Jonathan loved humanity and loved that filmmaking could be weaponized in that way to help fight for the underdog, the oppressed, the people getting a raw deal.
Why is showing up to this event so important?
Andrew Jupin: I think it’s important because Stop Making Sense is a film filled with endless joy. From start to finish you can watch this movie, groove along to the amazing Talking Heads tunes, and bask in that great feeling of what it’s like to watch incredibly engaging, fun films with an audience. I watch it at least twice a year, but the experience of sitting on my couch watching it is much different than watching it in a room filled with fans. I consider this film a gift, and it’s a gift that Jonathan Demme gave us all. So this event is a way to not only celebrate that gift, but also celebrate the man who gave it to us. If directed by anyone else, Stop Making Sense would not be Stop Making Sense.
How can people get involved, even if the film is not showing at a theater near them?
Andrew Jupin: If your local theater isn’t yet involved, feel free to ask them (politely) if they can be! All the theater needs to do is get in contact with the film’s distributor, Palm Pictures — who have been instrumental and so fantastic in helping arrange all this — and book with them.

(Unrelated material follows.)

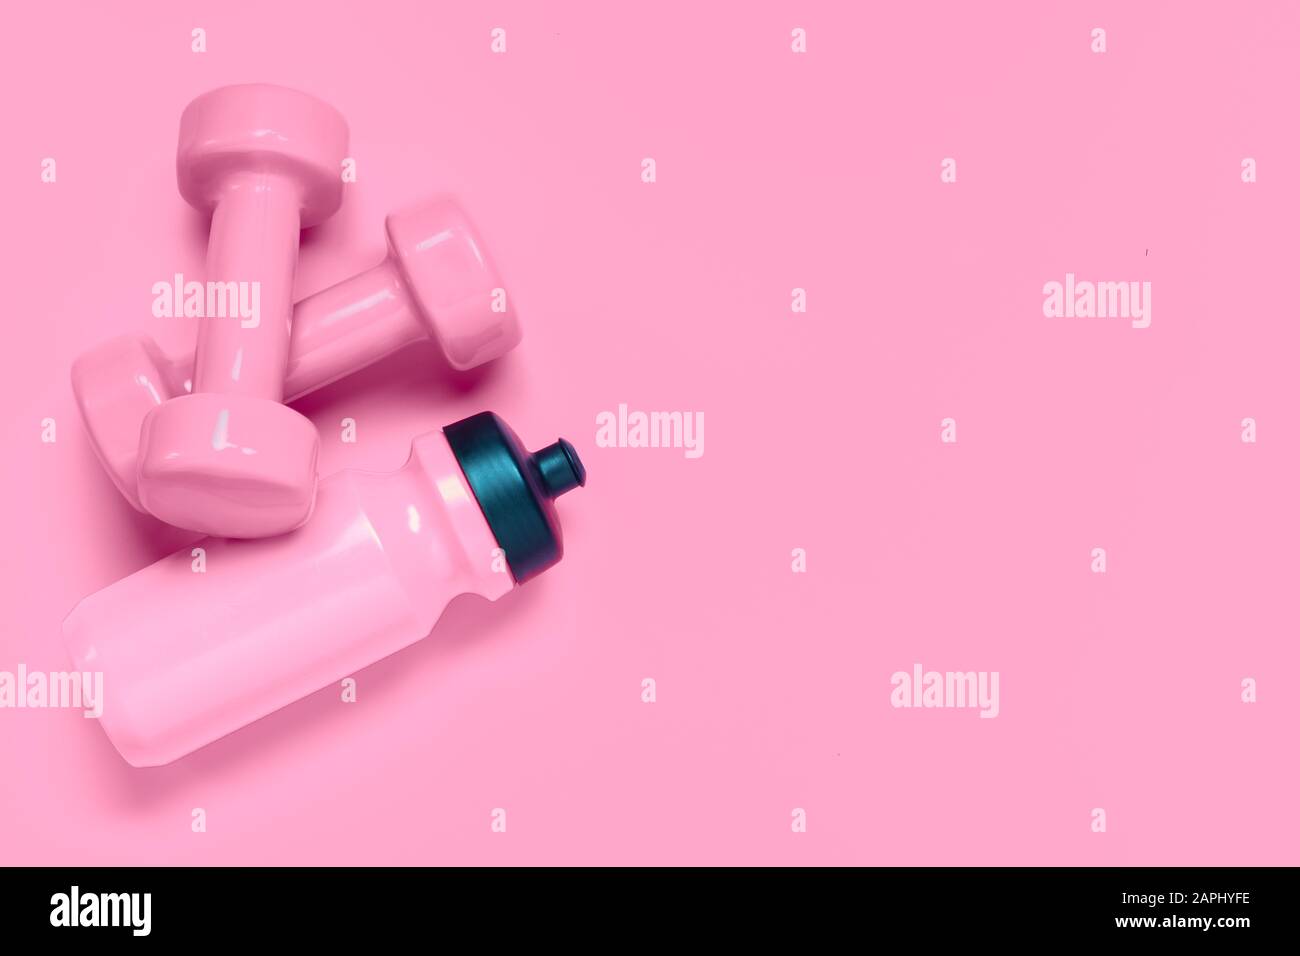 Fitness workout background concept with pink dumbbells and bottle

If your local theater winds up not participating, you can still pick up Stop Making Sense or any other film of Jonathan’s on Blu-ray or rent something on Amazon or iTunes, and maybe play the film that night along with the other theaters! Use the hashtag #CelebrateDemme to share your screening plans or your own memories of Jonathan and his movies as well.
If there are films of his you haven’t seen yet, seek those out too! He’s one of the most groundbreaking and beloved filmmakers to ever work in the medium, so you can’t go wrong with working your way through his catalog: watch the narratives, check out all the docs, find the episodes of television he directed — he directed some of the best episodes of The Killing — and find his music videos as well! Experiencing his work, no matter the setting or situation, is the absolute best way to #CelebrateDemme.